# The Ones and Zeros of Numpy as np

As with any good project nowadays, there eventually came a point when some machine learning based classification "needed" to come into play (this is more of a joke, as you should seek to use the right tool for the job).

There are a lot of different toolkits for working with datasets for the purpose of data mining, feature extraction and classification. Scikit learn is a Python package that was written by some interns over at Google. It is easily installed using `pip install -U scikit-learn`.

Support Vector Classifier (SVC) is a common classifier that can be used for multiple classes. It is a part of the group of machine learning algorithms known as Support Vector Machines (SVM).
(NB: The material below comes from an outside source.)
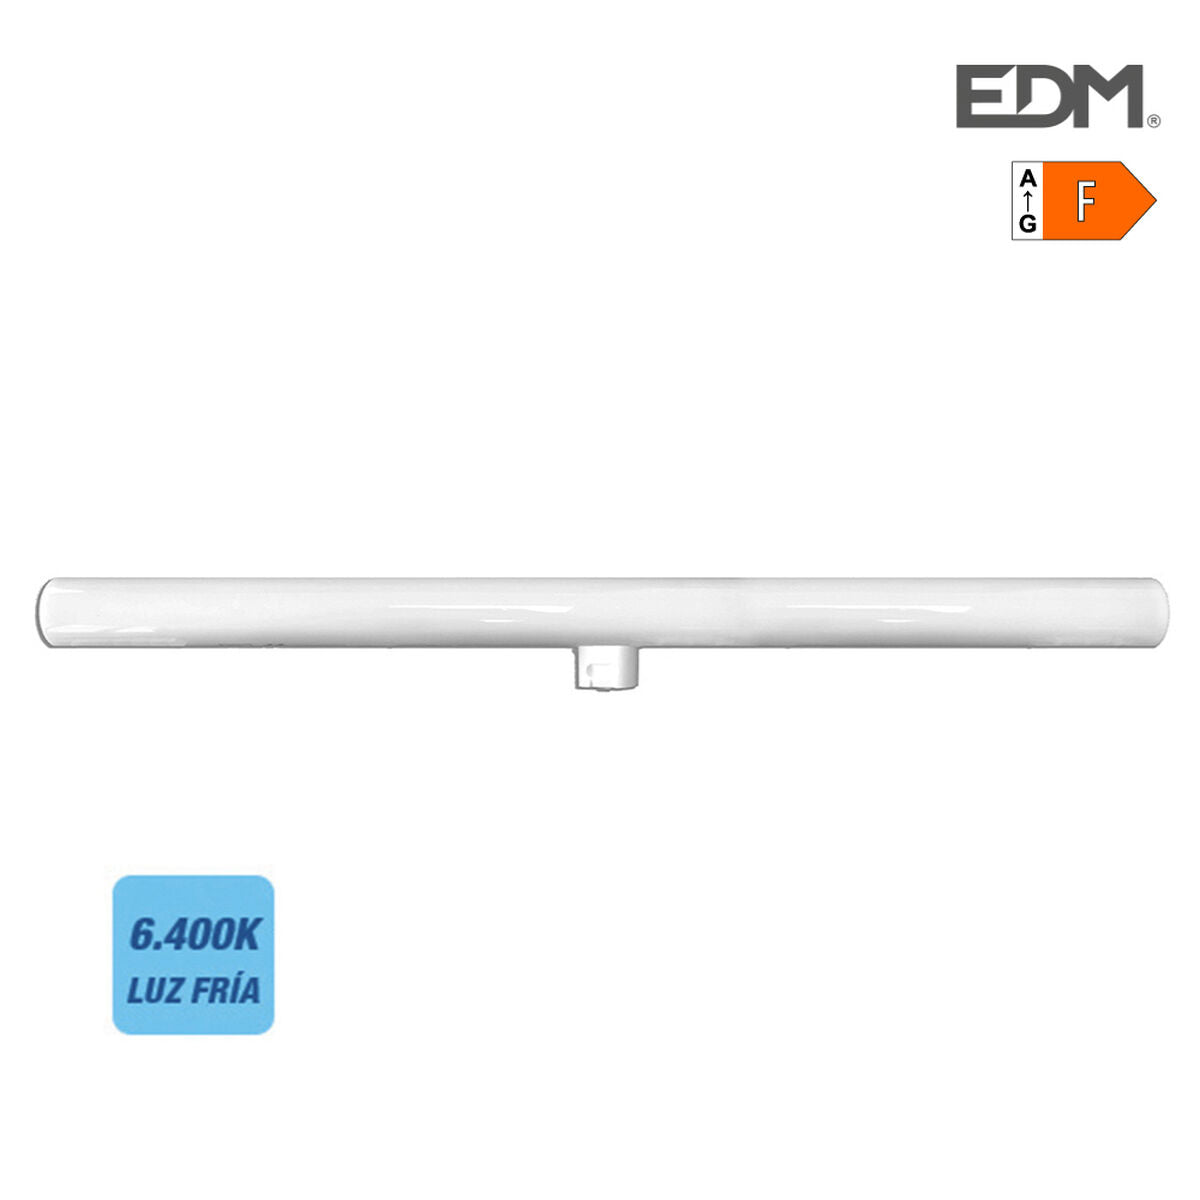 Tubo LED EDM 9 W F 700 lm (6400K)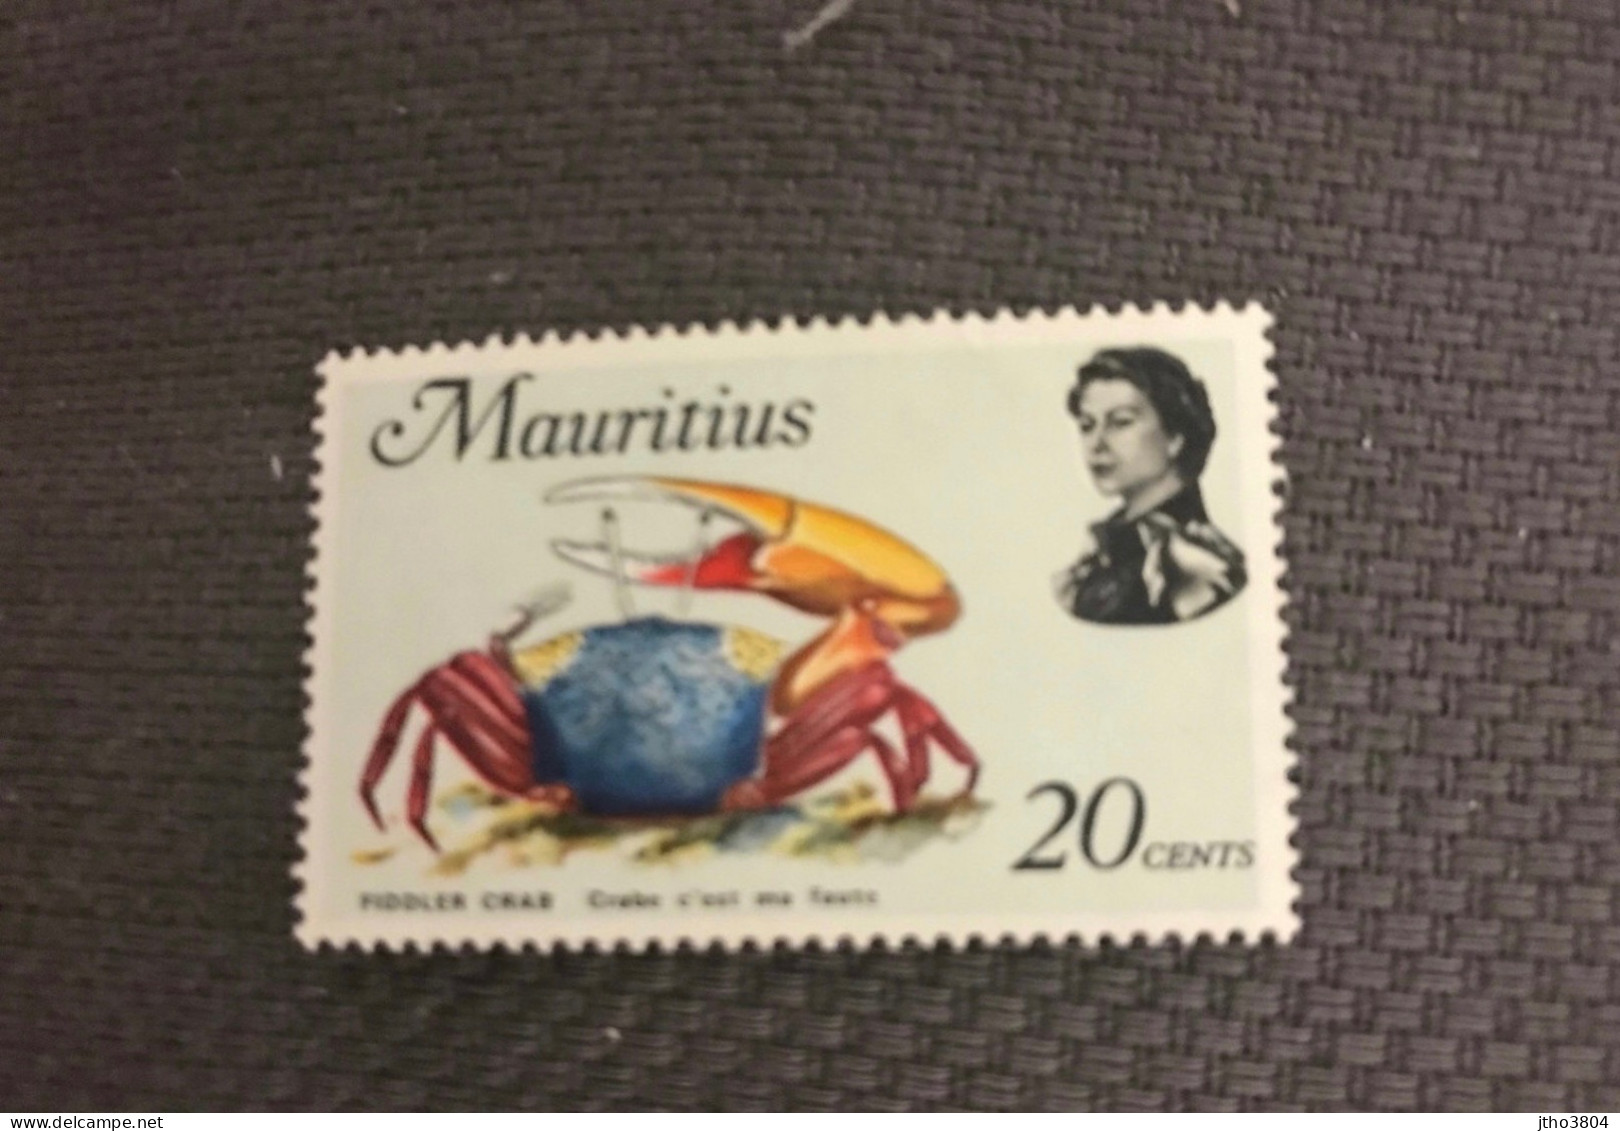 MAURICE 1969 1v Neuf MNH ** Mi 330 Marine Life Shrimp Conchas Shells Muscheln Conchoglie MAURITIUS - Maurice (1968-...)

Lets say we wanted to classify a set of X, Y corrdinates into two groups; positive and negative numbers. We could use a SVC to train a dataset for prediction of future inputs.

• 0 will represent the group of positive coordinates
• 1 will represent the group of negative coordinates
``````import numpy as np
from sklearn import svm

# define positive and negative coordinates
positive = np.array([[1,1], [5,5], [2,3], [2,4]])
negative = np.array([[-1,-1], [-3,-4], [-5, -1], [-2,-2]])``````

Positive and negative pairs of coordinates have now been created. These represent the groups 0 and 1 respectively. We will use this information to train a classifier and then test some new coordinates to see how accurate it has been trained. Usually real datasets are much larger, but this is simple.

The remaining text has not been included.